The association also pointed out on its website that “there has been conflicting guidance about elective surgeries that indicates additional guidance is warranted.” In addition to keeping facilities open for elective surgeries, ASCA is also provided a list of guidelines for “the continuation of urgent/needed care in” ASCs, including assessing and optimizing each patient’s medical and social risk factors for planned surgeries and postponing cases where indicated.

This includes reassessing and reprioritizing all currently scheduled cases and delaying those based on the current and projected COVID-19 cases in the facility and community and when postponing the surgery will not result in “significant medical deterioration or materially impact the patient’s prognosis, morbidity or treatment plan.” ASCs should also make decisions to postpone surgeries with the patient, ASCA advised.
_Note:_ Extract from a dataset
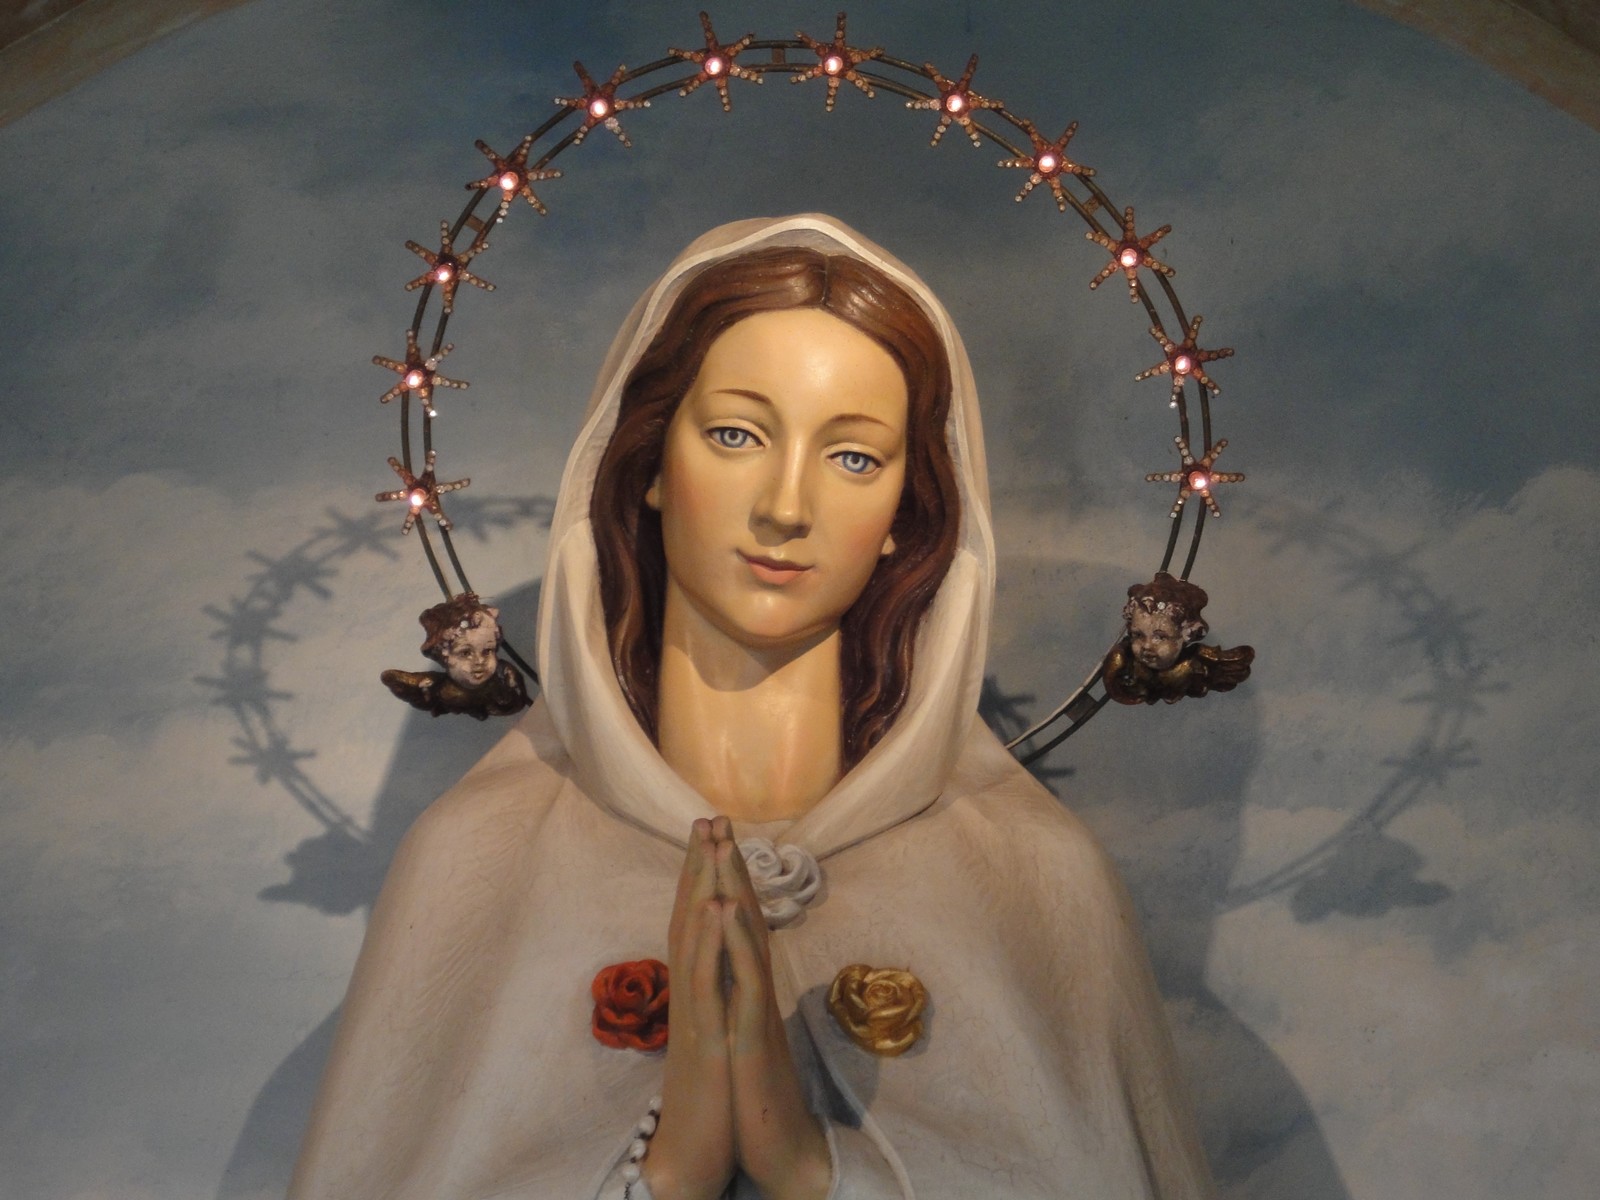 Rosa Mystica de Tver, Imagen de Alemania Llora en Iglesia Ortodoxa, Rusia (22 jul)

Additionally, ASCA provided the following guidance for ASCs:

  • Implement rigorous screening for patients and visitors prior to entering the facility
  • Maintain a safe environment for patients, employees, and visitors, including adherence to social distancing recommendations
  • Implement enhanced cleaning as directed by CDC guidelines
  • Work within the capacity of the supply chain to ensure that hospitals have priority for necessary equipment and supplies

“The ASC community stands ready to work with federal officials, state and local governments, and all our colleagues in the healthcare system to provide needed care during these challenging times,” the association stated.

“As the pandemic progresses, we will continue to assess our approach, in coordination with experts throughout the healthcare system, to best serve the needs of patients and communities.”